Time courses of observed (symbols) and predicted (lines) photosynthetic area of the upper lamina (A), predicted culm photosynthetic area (B) and dry mass production at the culm scale (C) for the three N treatments H0, H3 and H15. The observed data are means of three independent replicates. The vertical bars represent ± s.d.

Fig. 8.

Observed (symbols) and predicted (lines) time courses of dry mass for (A) individual laminae, (B) chaff and stem (i.e. internodes, sheaths and peduncle pooled) and (C) grains. For laminae, stem and chaff, mean values of all treatments are represented; for grains, dry mass is represented for each treatment, H0, H3 and H15. The observed data are means of nine (A, B) or three (C) independent replicates. The vertical bars represent ± s.d.

Fig. 9.

SRC index defining the sensitivity of grain dry mass to model parameters for treatment H1 vs. thermal time after flowering.
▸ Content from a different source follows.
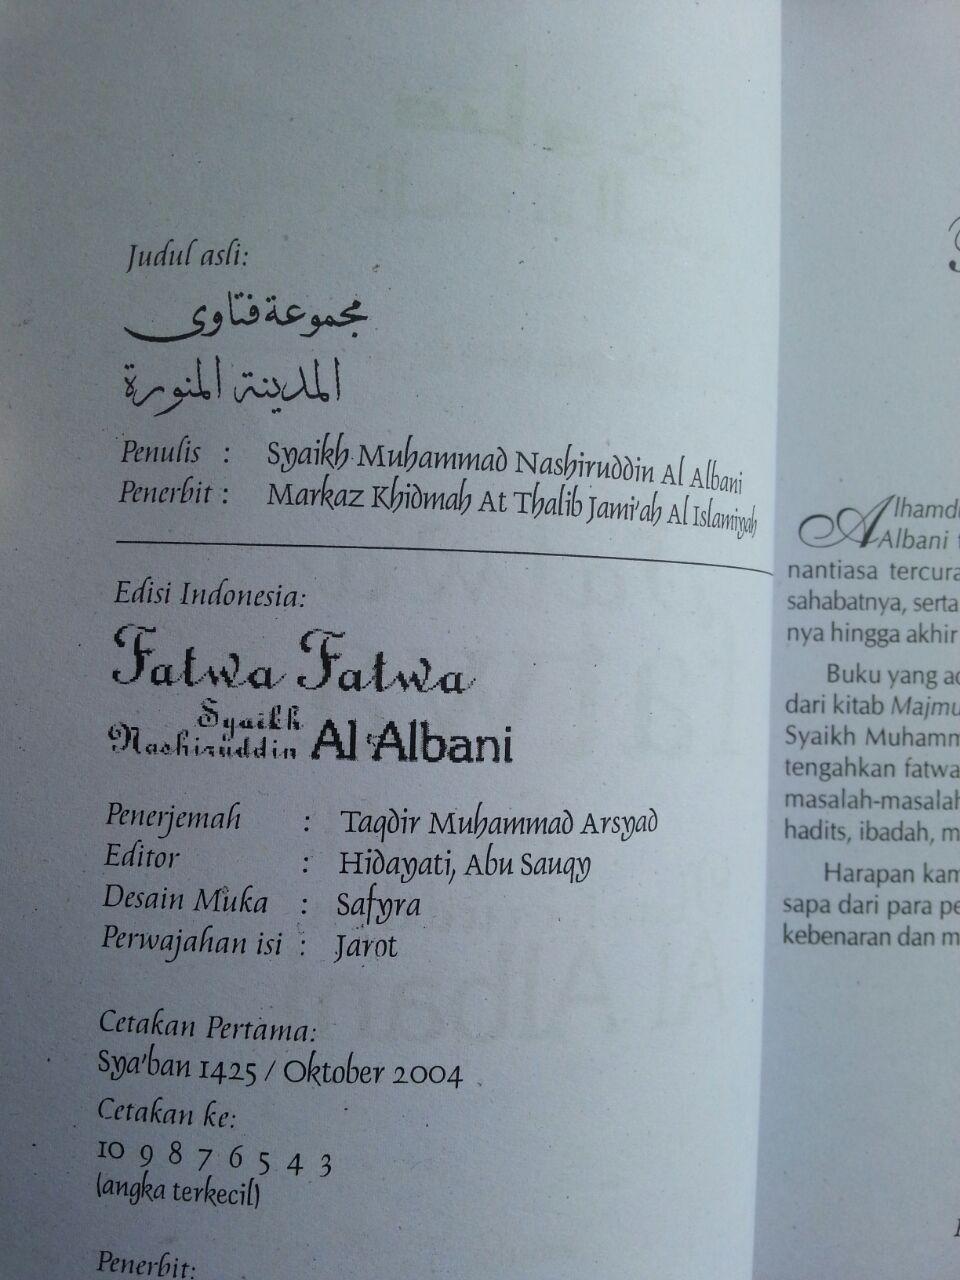 Fatwa-fatwa Syaikh Muhammad Nashiruddin al-Albani isi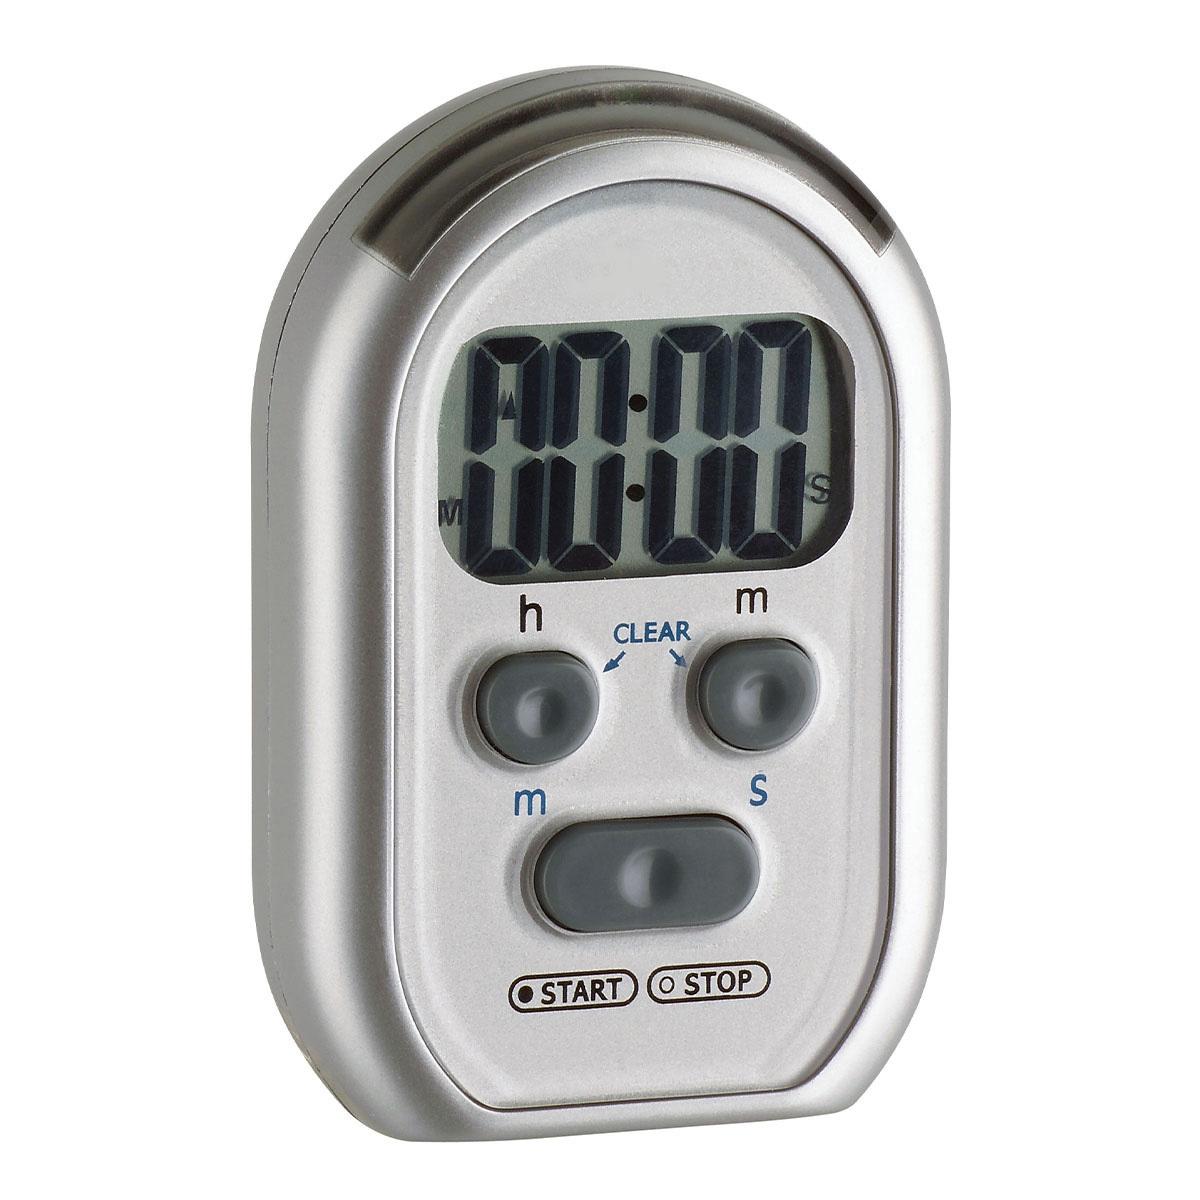 38-2019-digitaler-timer-stoppuhr-shake-awake-1200x1200px.jpg

Only parameters that had an SRC index >0·1 at least once are represented. α_grain and β_grain (dimensionless) determine the shape of the beta function indicating the pattern of change in sink strength for dry mass during grains' life; σ_grain^M (dimensionless) is grains' relative sink strength; tt_grain^Macc (°Cd) is the period during which grains can accumulate dry mass; δ_la^N (°Cd⁻¹) is the relative degradation rate of remobilizable N for laminae; ω_la (d⁻¹) is the proportion coefficient linking photosynthesis at saturating PAR and N mass per unit photosynthetic area for laminae.